The prose was rough. Whisper caught most of the words, but he had to clean up maybe five sentences the next morning. A few misheard words, a couple of run-ons. That's expected. What was different: he didn't have to reconstruct half the document because a meter had interrupted mid-thought and forced him to continue in a second session.

When you're writing intent or reasoning, rough is acceptable. Fragmented because the tool ran out of quota? That breaks the model. It breaks the continuity of thought. You lose the context of what you were building toward.

The trade-off

The Recitey free tier does one thing: speech-to-text, locally on your device, uncapped. It doesn't rewrite. It doesn't grammar-check. It doesn't integrate with a Slack backend or anything else. Just dictation to your clipboard, everywhere on Windows: Slack, email, browsers, Linear comments, terminal, anywhere you can paste.

It's not a writing assistant. It's a dictation engine.

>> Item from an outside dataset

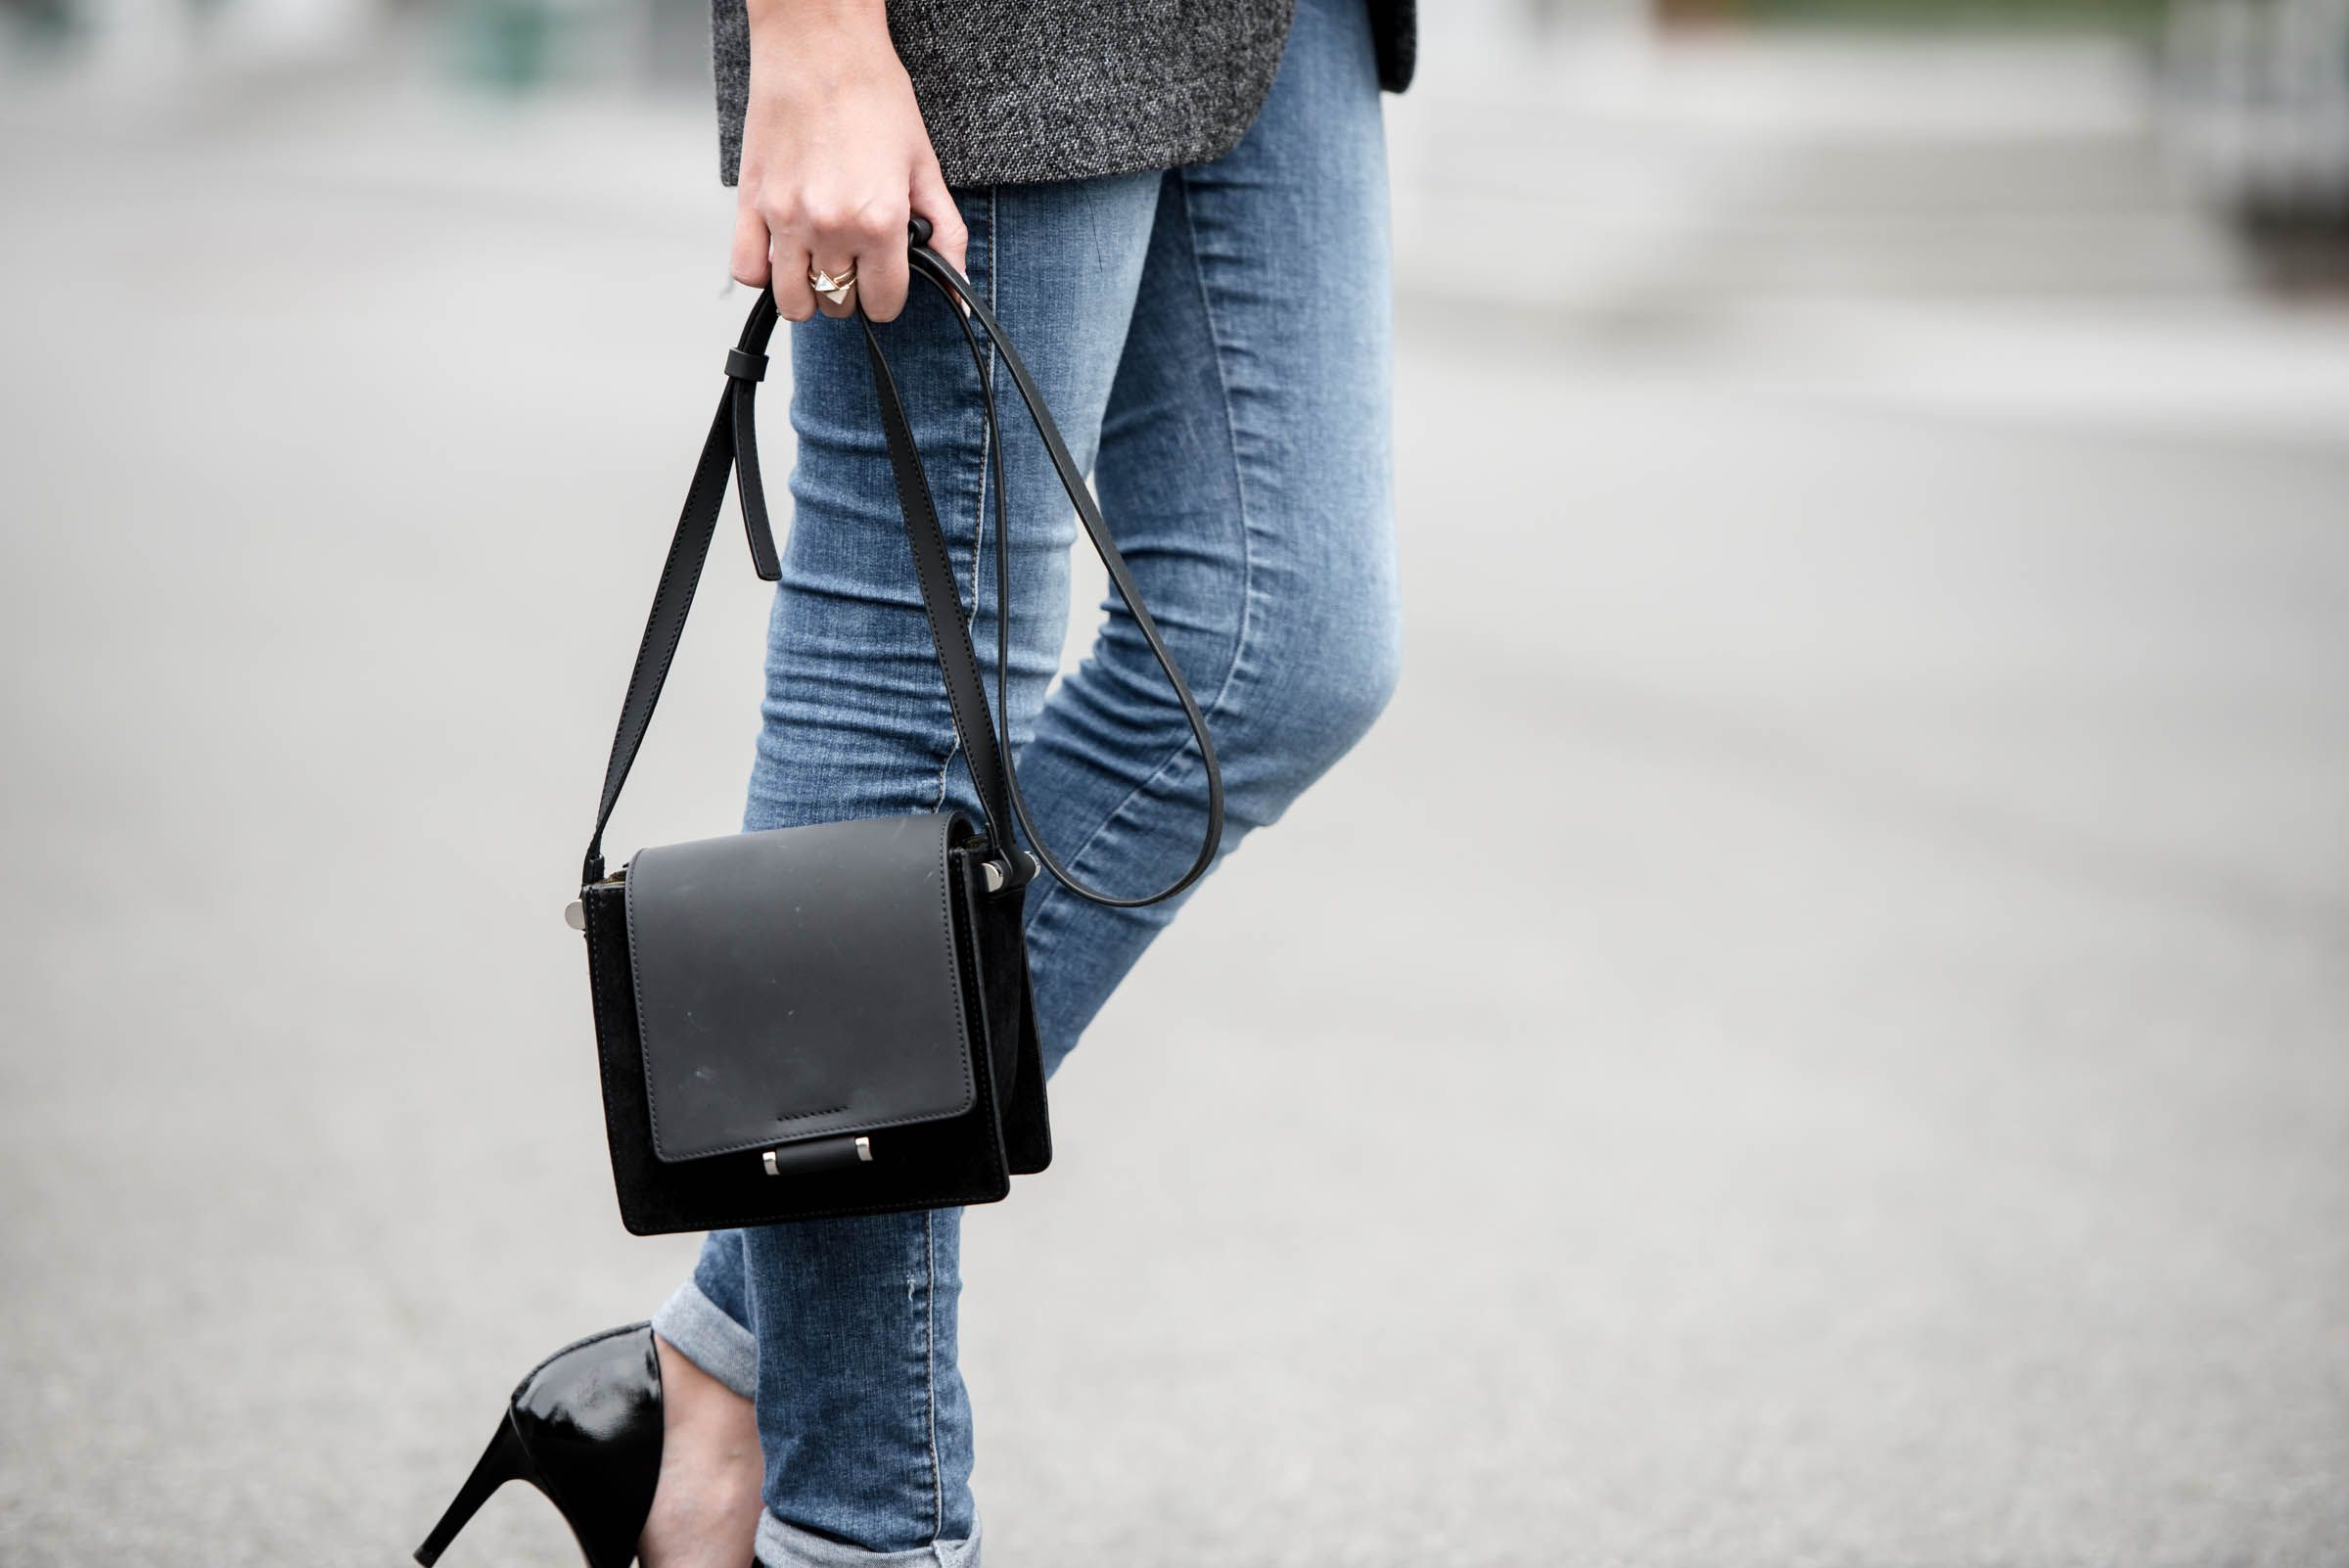 blazer-by-malene-birger-blogger-jeanette-sundoy-7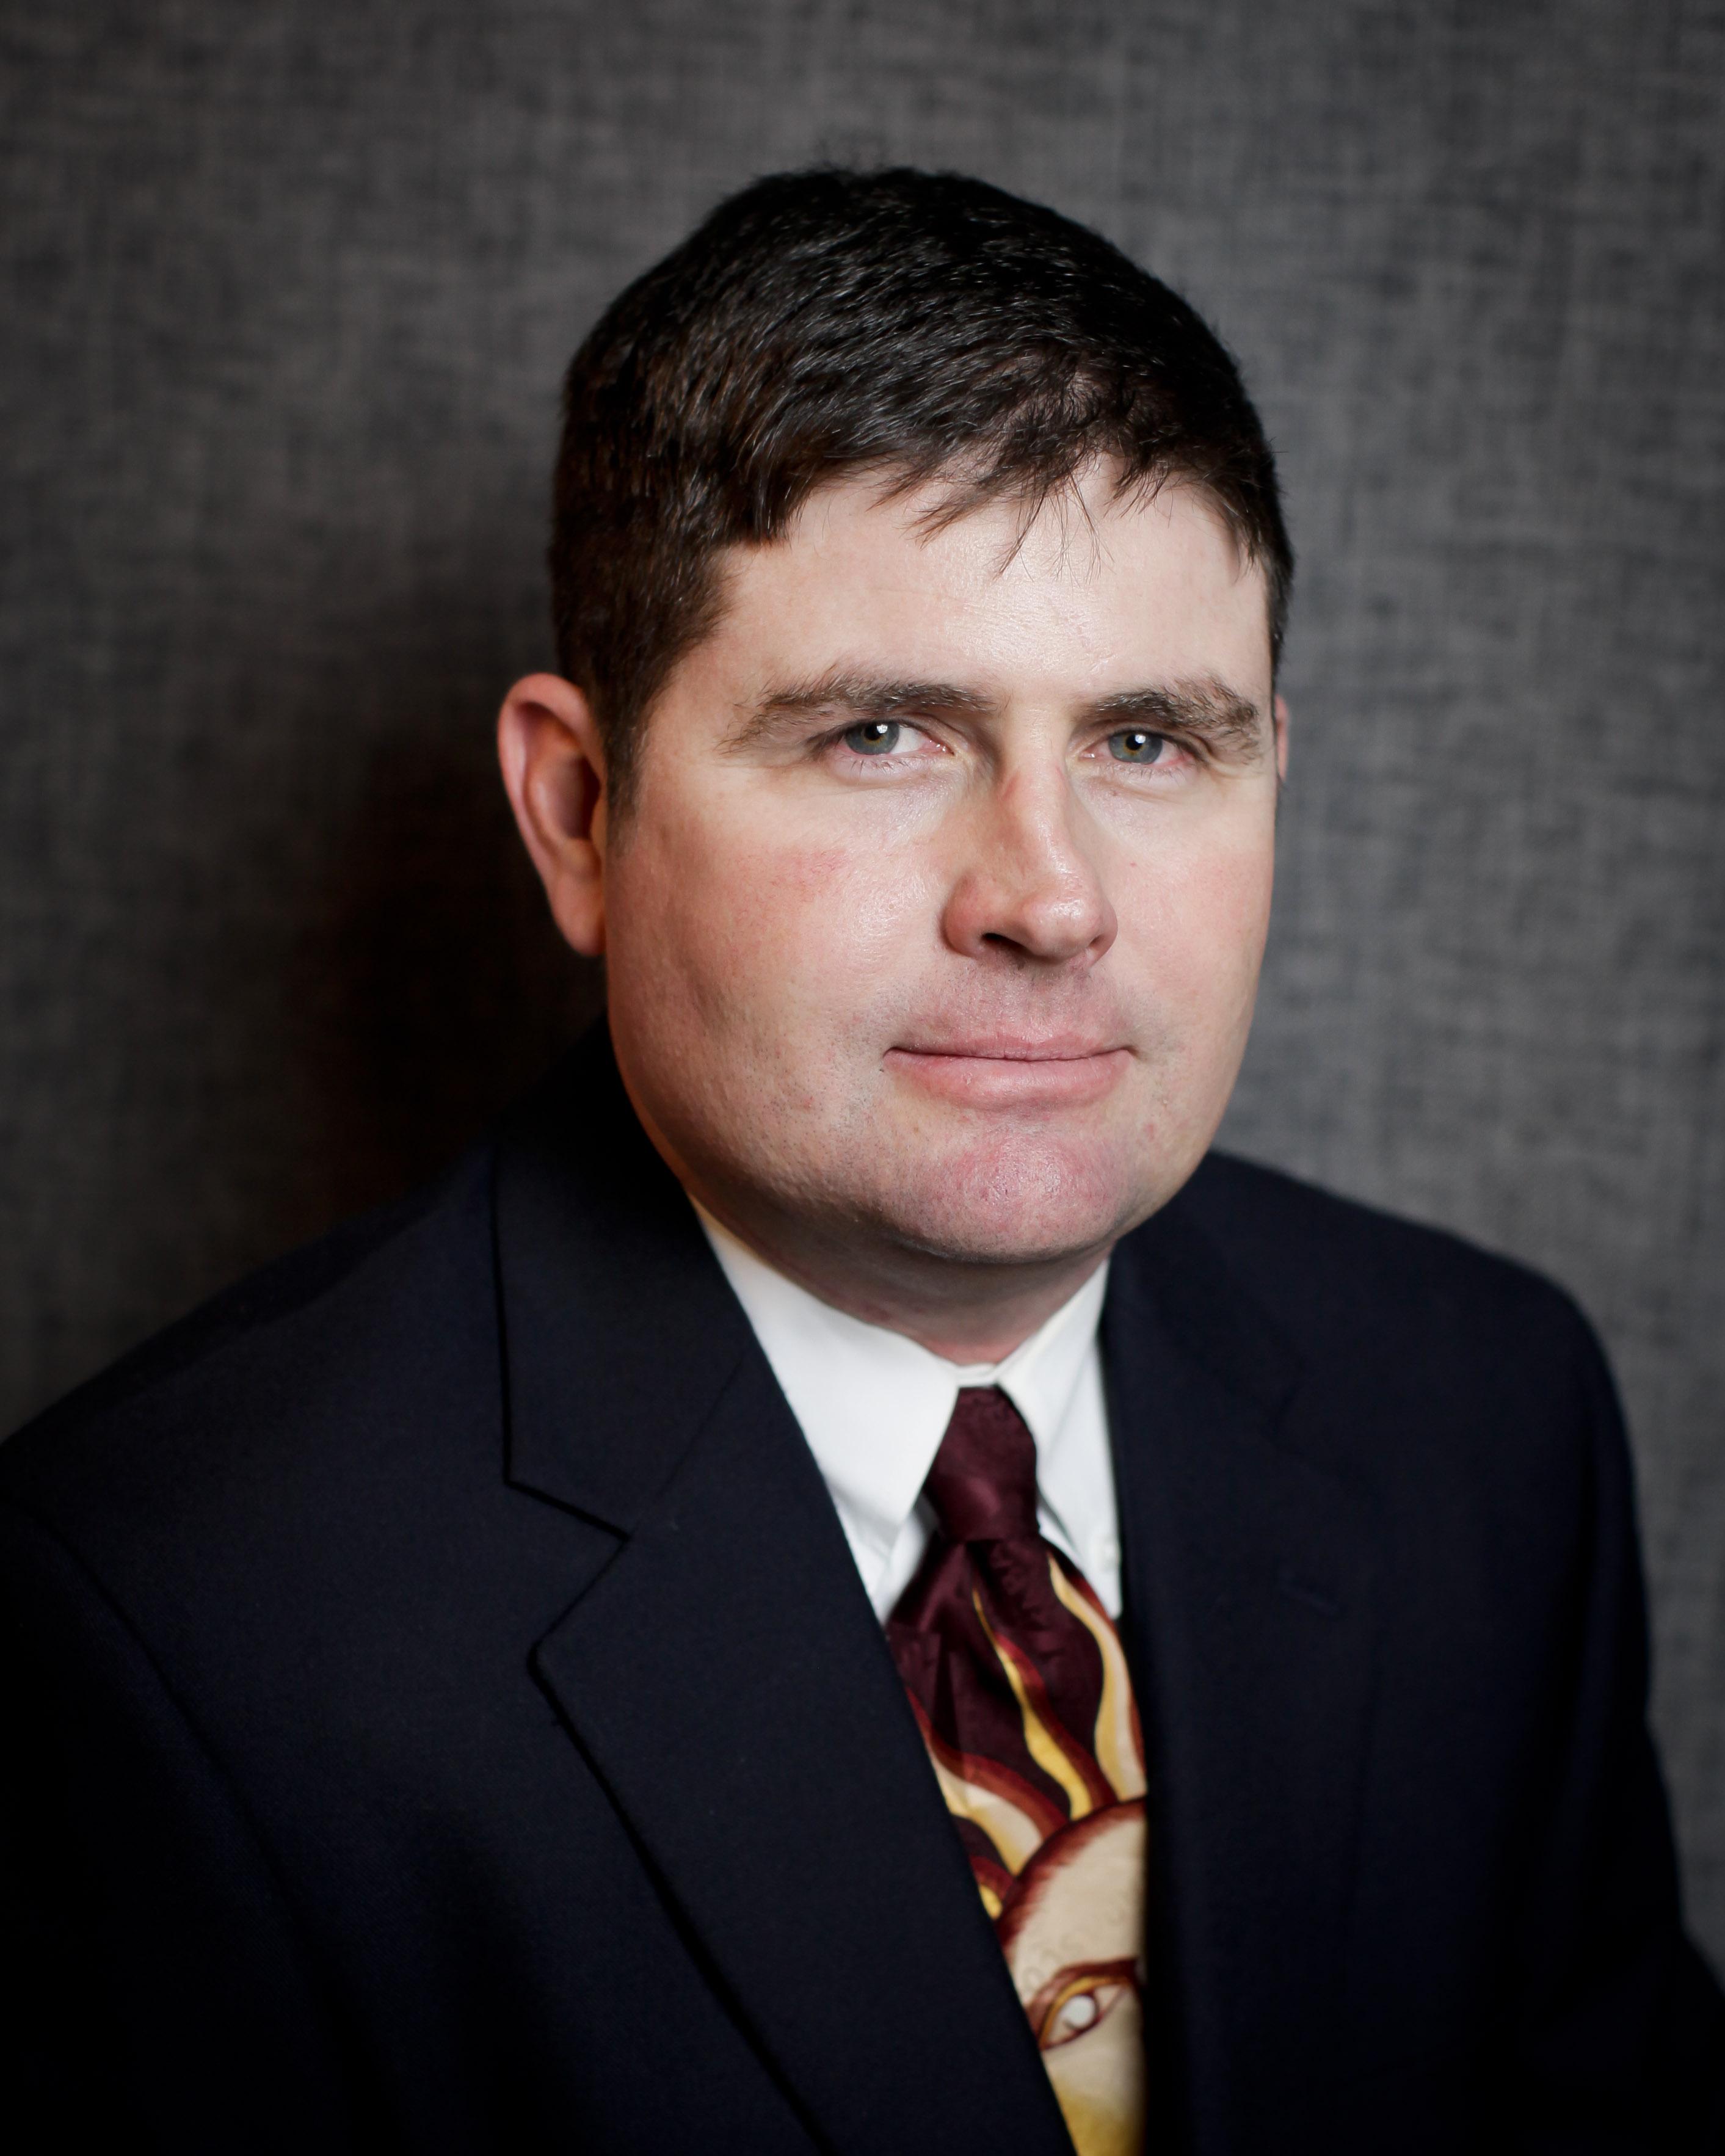 Bryan Jennings

If you need the rewrite step (the cloud-based polishing that turns rough speech into publication-ready prose), that's available in Pro. Some workflows benefit from that. Editorial work. Customer-facing documentation. Anything where the first draft needs heavy cleanup. For those, the Pro tier adds value.

But for the workflows where you're dumping intent onto the page (architecture rationale, code review observations, bug reports, design docs), the local dictation alone often solves the entire problem. You want it captured. You want it uninterrupted. You don't need it rewritten by a model.

For Marcus, this shifted his workflow. Design docs are now dictated first, edited second. Slack threads that explain bugs, same. He's not faster (voice isn't faster than typed prose for him), but he's more coherent. And he's not losing his thinking mid-flow because of an arbitrary meter.

Why this matters

The tools we build for developers should understand how developers work now, not how they worked five years ago. Metering dictation made sense when the only users were people transcribing meeting recordings. It doesn't make sense when the users are engineers articulating complex intent to language models, writing design docs, explaining technical decisions.

The bottleneck shifted. Developers need voice for the thinking-capture phase, not the transcription phase. Tools that meter that phase at the free tier are locking out exactly the people who need voice most: the ones whose work is long-form, intent-heavy, and requires unbroken flow.

Local-first transcription isn't new. But free, uncapped, local transcription (running Whisper on your device with zero variable cost) while the alternatives cap at 500 to 2000 words per month? That's a structural difference. That's a different offer.

The 11pm design doc should not be interrupted by a word counter. The moment you're in flow should not be metered. That's the principle. Recitey's free tier honors it.